Женщина сняла пальто и села напротив Николая, разгладив на коленях длинную темную юбку. Уладив формальности, капитан перешел к более интересным вопросам.
— Скажите, Елена Максимовна, где Вы работаете?
— В церковной лавке, — бесцветным голосом ответила та.
— Всегда?
— Да.
— А вот у меня есть сведенья, что иногда Вы там отсутствуете. Как это понимать?
— Иногда я уезжаю трудничать в монастырь.
— Простите, что делать?
— Трудничать. Поработать во славу Божию.
— Понятно. И чем же Вы там занимаетесь?
— В основном играю на органе во время службы. Помогаю храм украшать к праздникам. Тяжелой работы сестры мне не дают. Здоровье подводит.
— И когда Вы там были в последний раз? Кстати, а где этот монастырь?
— Всю последнюю неделю, — тем же бесцветным голосом сказала Елена Максимовна, и назвала адрес монастыря. На все вопросы она отвечала коротко и безучастно, будто ее совершенно не интересовало, зачем ее пригласили в полицию и что с ней вообще будет.
— Вы знаете, что Пруйко и три его друга погибли на прошлой неделе в автомобильной аварии? — попытался Николай пробить щит ее равнодушия.

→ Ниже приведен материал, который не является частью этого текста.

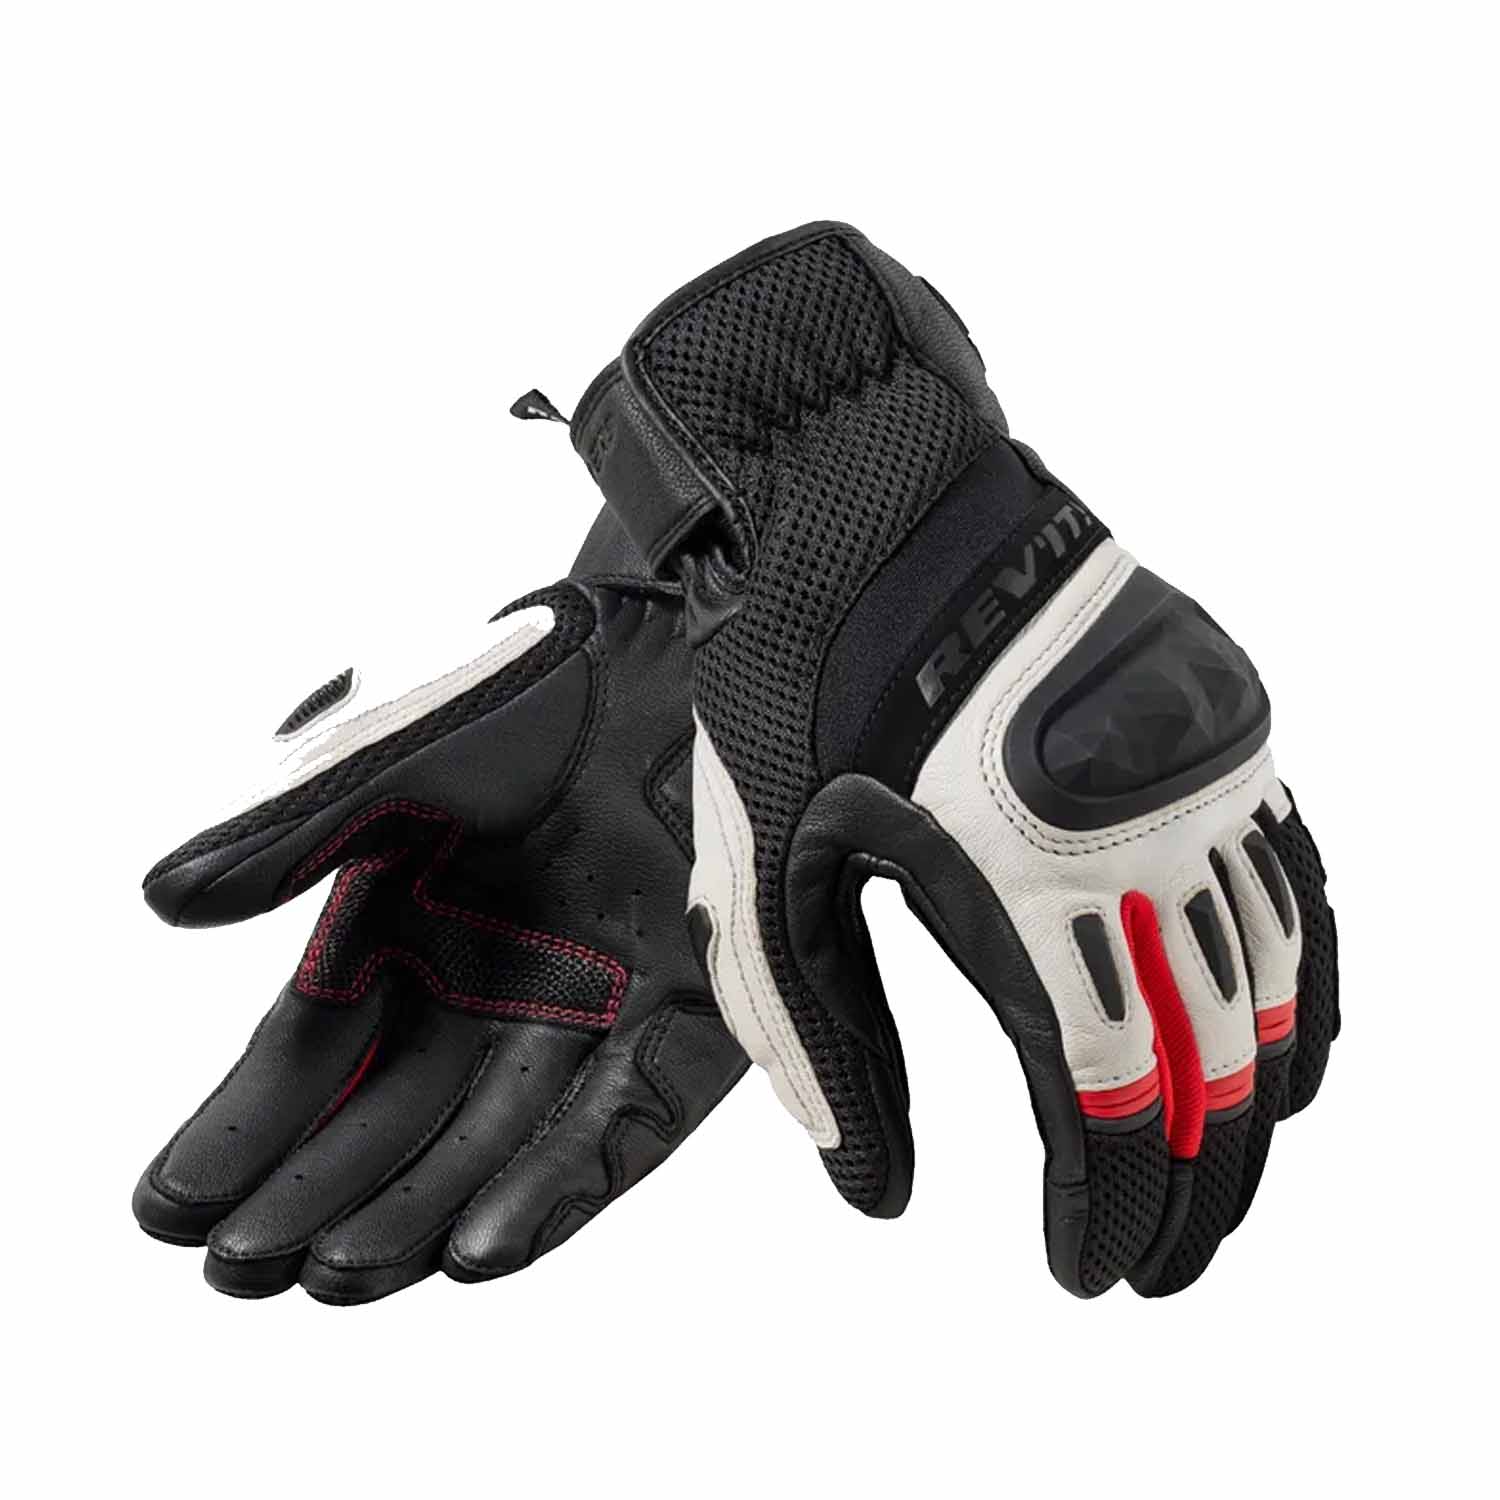 Image of REV'IT! Dirt 4 Gloves Black Red Size 3XL ID 8700001383509

— Слава Господу Всемогущему, — закрестилась женщина. — Наказал негодяев.
— А откуда Вы знаете, что с Пруйко погибли именно обидчики Вашей дочери?
— Господь не допустит смерти невинных.
— А как же Ваша дочь? — спросил капитан, ненавидя в этот момент и себя, и свою работу.
Но женщина, вопреки ожиданиям, не рассердилась:
— Господь каждому дает крест по силам его. Алла нарушила волю Его. Я молюсь за ее грешную душу.
— Вы имеете в виду самоубийство Вашей дочери? — недоуменно уточнил Николай.
— Не вольно человеку самому решать, когда покинуть сию обитель скорби. Но я молюсь за мою грешную дочь. Я верю, что Господь Милосердный простит и ее. Я сама хотела на себя руки наложить, когда она умерла, но Господь послал мне отца Никифора. Он вразумил меня.
— Вы не могли бы как то по-русски, — попросил Николай. — Я хоть и крещеный, но в церковь не хожу. И эти тонкости мне не понятны.
— Так я и говорю по-русски, — тем же ровным тоном отозвалась женщина. — Не моя вина, что по-русски Вы не понимаете.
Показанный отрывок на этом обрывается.